I've been thinking for a while now that we could all benefit from some counseling. I really feel that it might help her, and that's all I want to do. Don't get me wrong - she is a very bright, intelligent girl who's only fault is that of being too sensitive. Granted, she does have a big mouth and a cocky attitude, but isn't that normal for a girl her age? I was a teenager once, and I know how rotten I was! So I certainly can't say she's "bad", because she's not. She's mouthy, but she's a very good girl who doesn't deserve to feel the way she's obviously feeling.
Here's my main concern, though... as I've mentioned, she is a drama queen. She will exaggerate a story a thousand times over until she reaches the point she set out to make. So what if she would be sitting with a therapist and say something that leads them to believe she's being abused? They would take her away from me and then I would be the one wanting to die! (I've seen it happen. My very best friend lost her son. The reasons were a little different, but the end result is what I'm afraid of.) Let's face it, the state and social services just don't play these days! And if they had the slightest inkling that she wasn't being taken care of properly, they wouldn't hesitate to yank her from my arms and throw her into foster care. I swear to all who read this, I could never live with myself if that happened. She's my baby and I couldn't live without her.
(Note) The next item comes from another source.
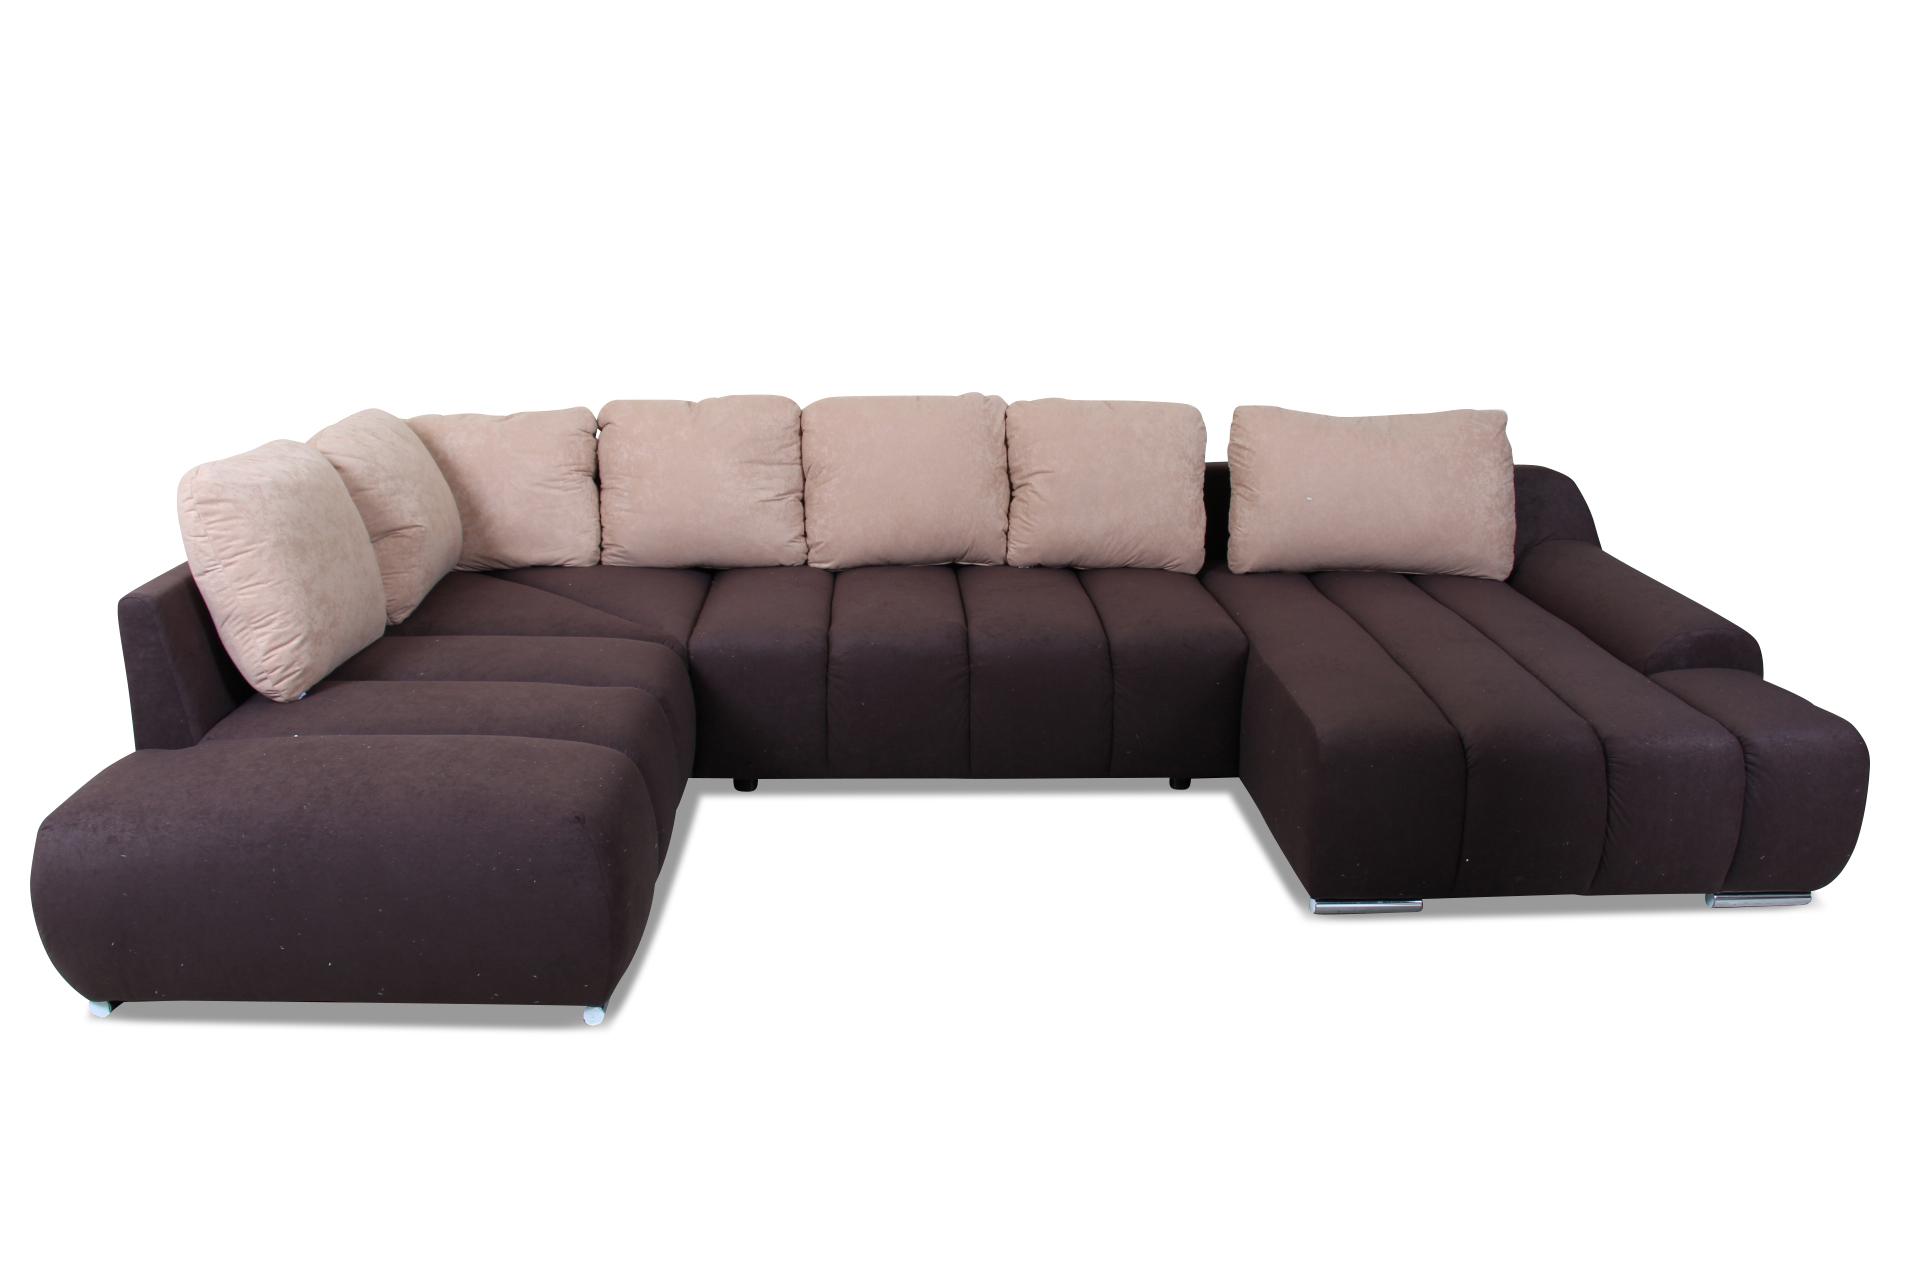 wohnlandschaft mit schlaffunktion braun mit federkern sofas zum halben preis. Black Bedroom Furniture Sets. Home Design Ideas

I wouldn't want to! All of you moms out there know exactly what I mean. Once you have a child, nothing else matters. Giving them a safe, happy home and taking care of them becomes your only concern. And that's how I feel about my baby girl. She is my LIFE!
So, you can see my dilemma. I just don't know what to do for her. She's with my mom for the night, and Mr. Wonderful is back taking a nap. And here I sit, crying at my keyboard. I just don't know what to do. If anyone can offer any suggestions --- anything at all, I would appreciate it more than you can possibly imagine.